Xah Lee, 2009-07-28
Looks like Firefox 3.5 broke this css:
div.xxx:first-letter {font-size:xx-large; color:red}
The first letter is not colored or bigger if the first char is the unicode “∑” (N-ARY SUMMATION; U2211).
Here's what Firefox 3.5. shows:
In other browsers, all the first letters are shown larger and red.
Try this sample file for source code: css_first_letter_test.html
Versions before Firefox 3.5 will work fine, as well as the currently released versions (2009-07-28) of Safari, Opera, Google Chrome, Internet Explorer 8.
The question is, is Firefox 3.5's behavior correct by W3C? The spec is here: http://www.w3.org/TR/CSS2/selector.html#first-letter
However, the spec is not exactly clear on this.
I think it's better if it applies to all unicode chars, and just the first char, no exceptions.
Emulating the traditional publication behavior is quite vague and problematic.
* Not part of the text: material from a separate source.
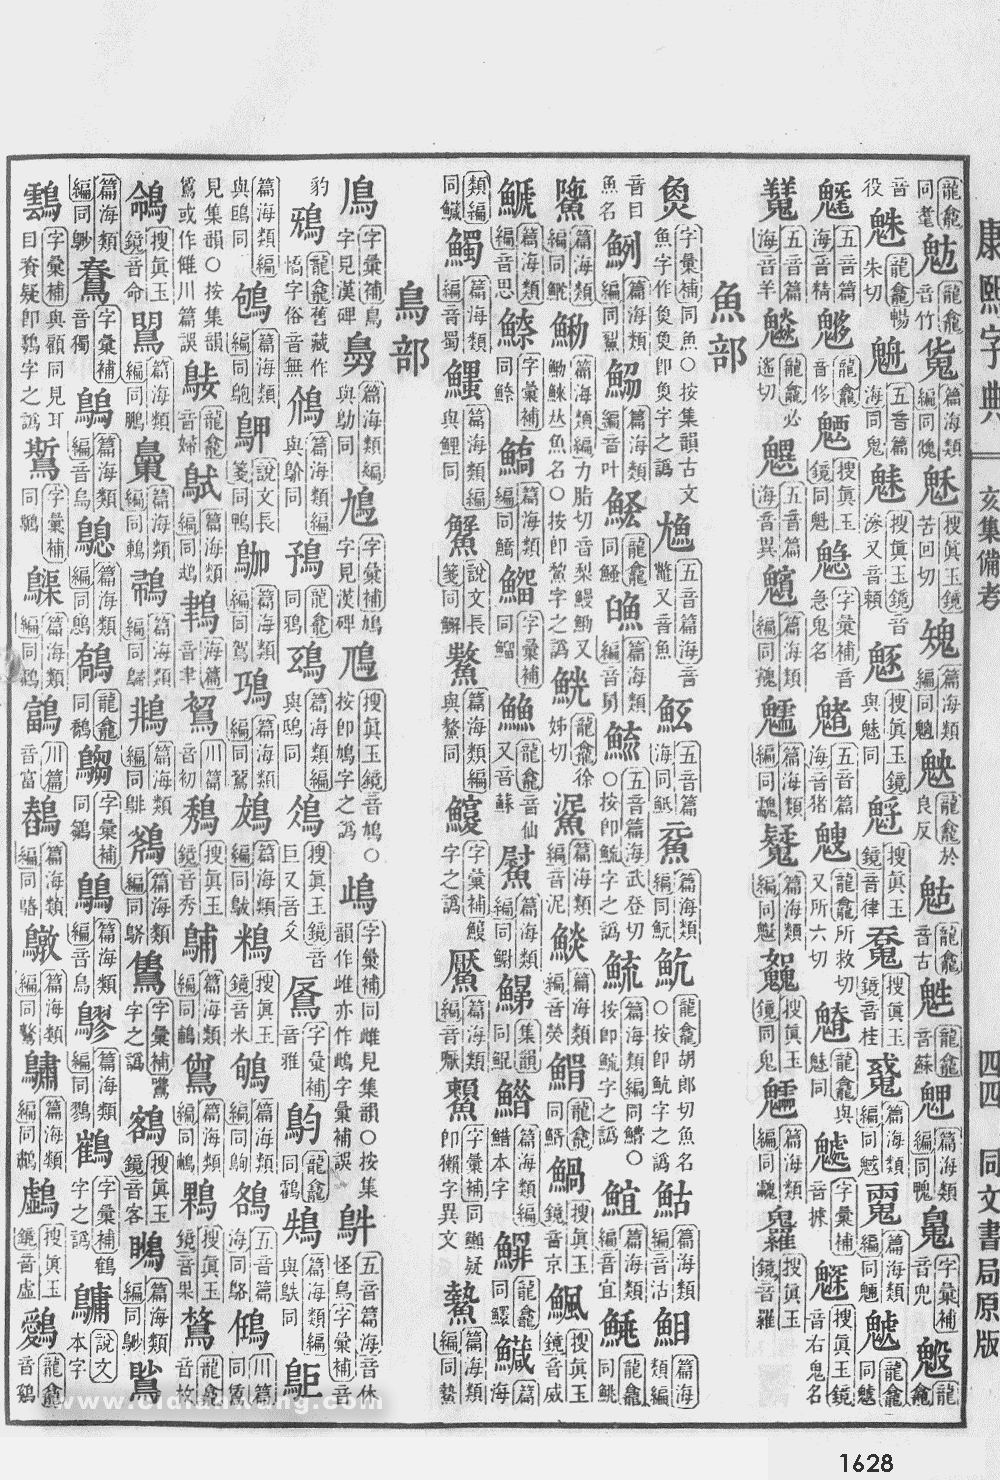 康熙字典掃描版第1628頁

For example, the spec says if the first letter is a double quote, then that double quote should also be cap'd alone with the letter after the double quote. Also, it says if the first char is digits such as 3, it should be cap'd too.
These are problematic and inconsistent. If emulating tradition is focused, then digit chars shouldn't apply. But, including the quotation char as part of the “first-letter” is also problematic, because it breaks simplicity and consistency.
It would be much simpler and consistent, and probably more applicable to today's digital world, if first-letter is named first-char, and behave as applying to just the first char. For those who needs to cap the first punctuation char alone with the letter that follows, they might as well do special css for those cases, or, w3c really should have tags like second-letter, last-letter (for last punctuation, usually closing quotation char.).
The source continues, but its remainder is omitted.